:: Provided data ::
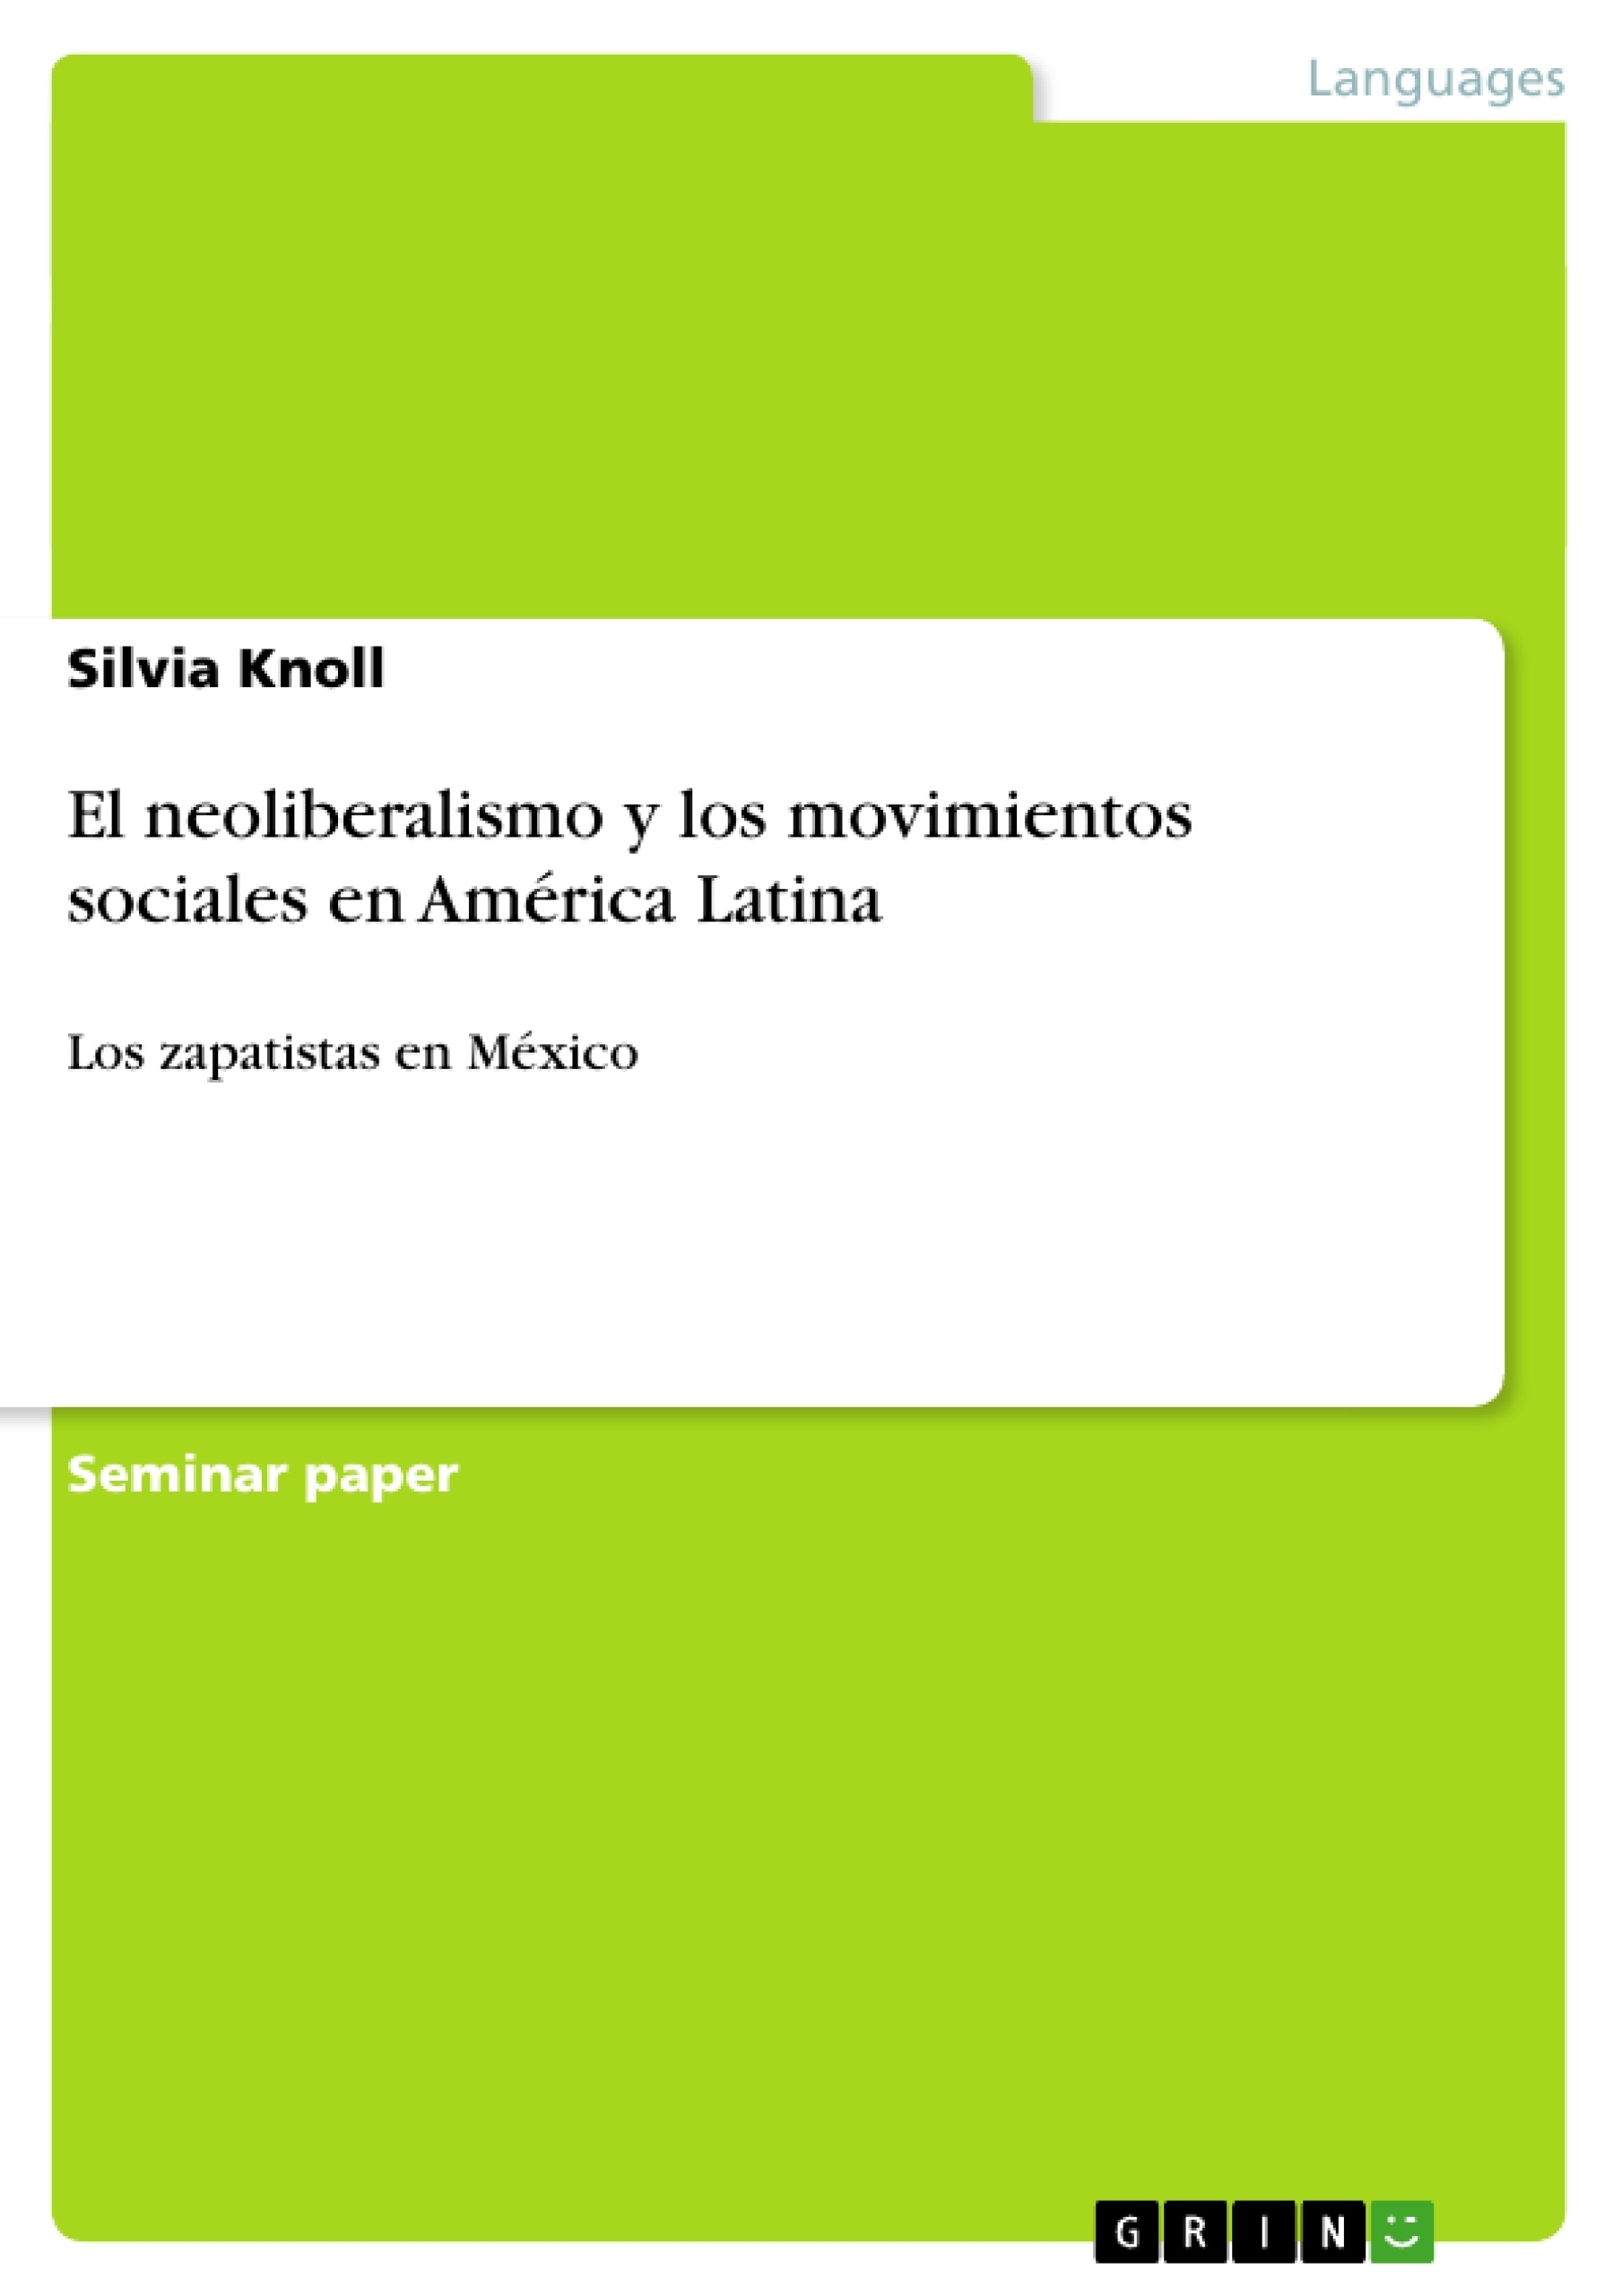 El neoliberalismo y los movimientos sociales en América Latina - GRIN
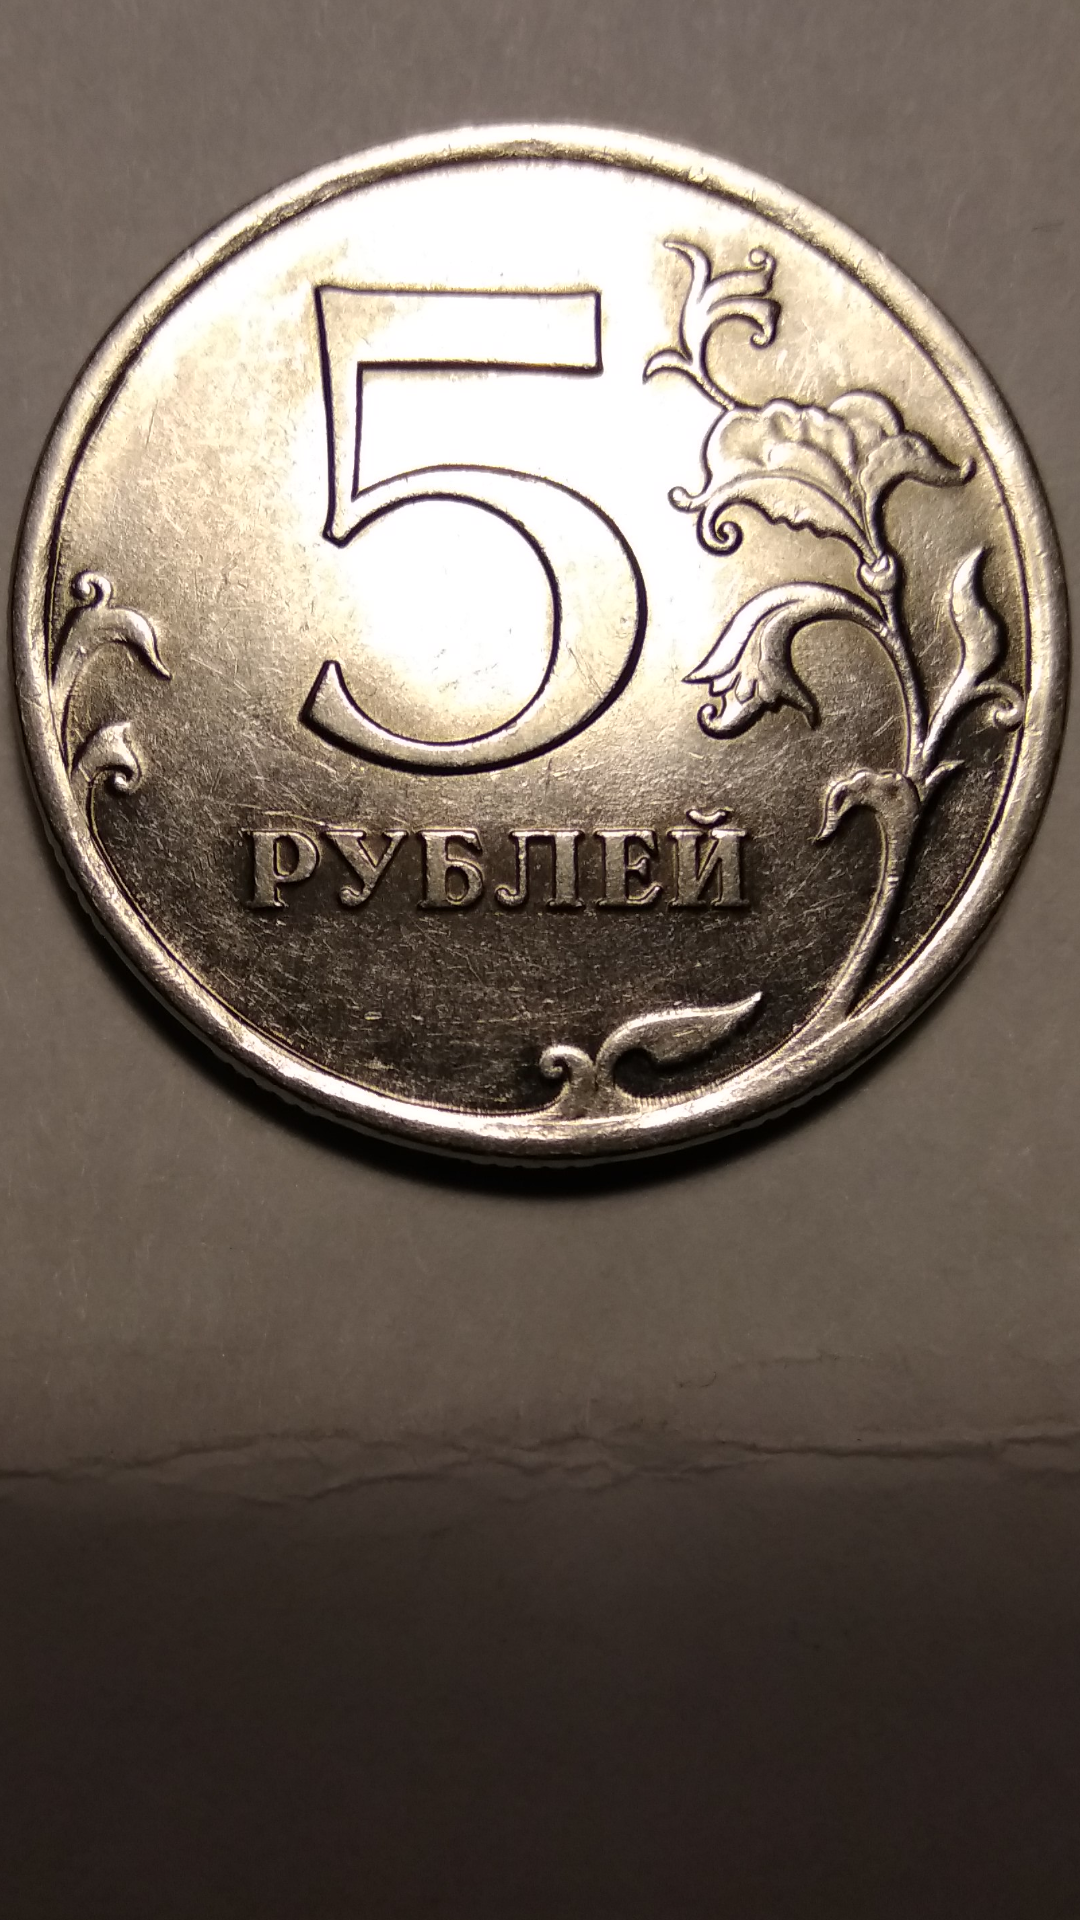 Истории 5 рублей
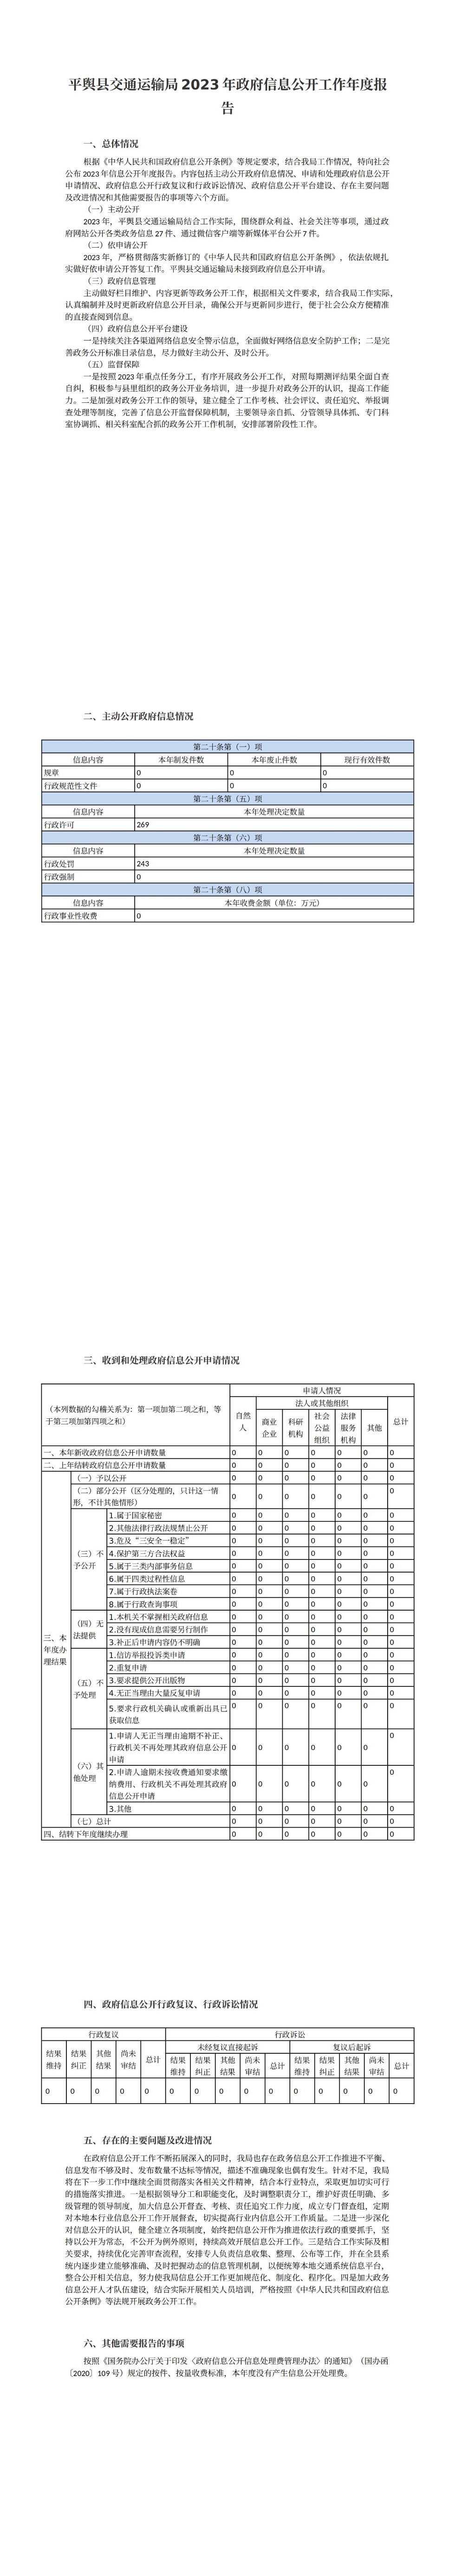 平舆县交通运输局2023年政府信息公开工作年度报告_00.jpg
:::
## Description of the task
Reproduce the listing word for word and omit its pictures.

## Exercise response
 El neoliberalismo y los movimientos sociales en América Latina - GRIN
 Истории 5 рублей
 平舆县交通运输局2023年政府信息公开工作年度报告_00.jpg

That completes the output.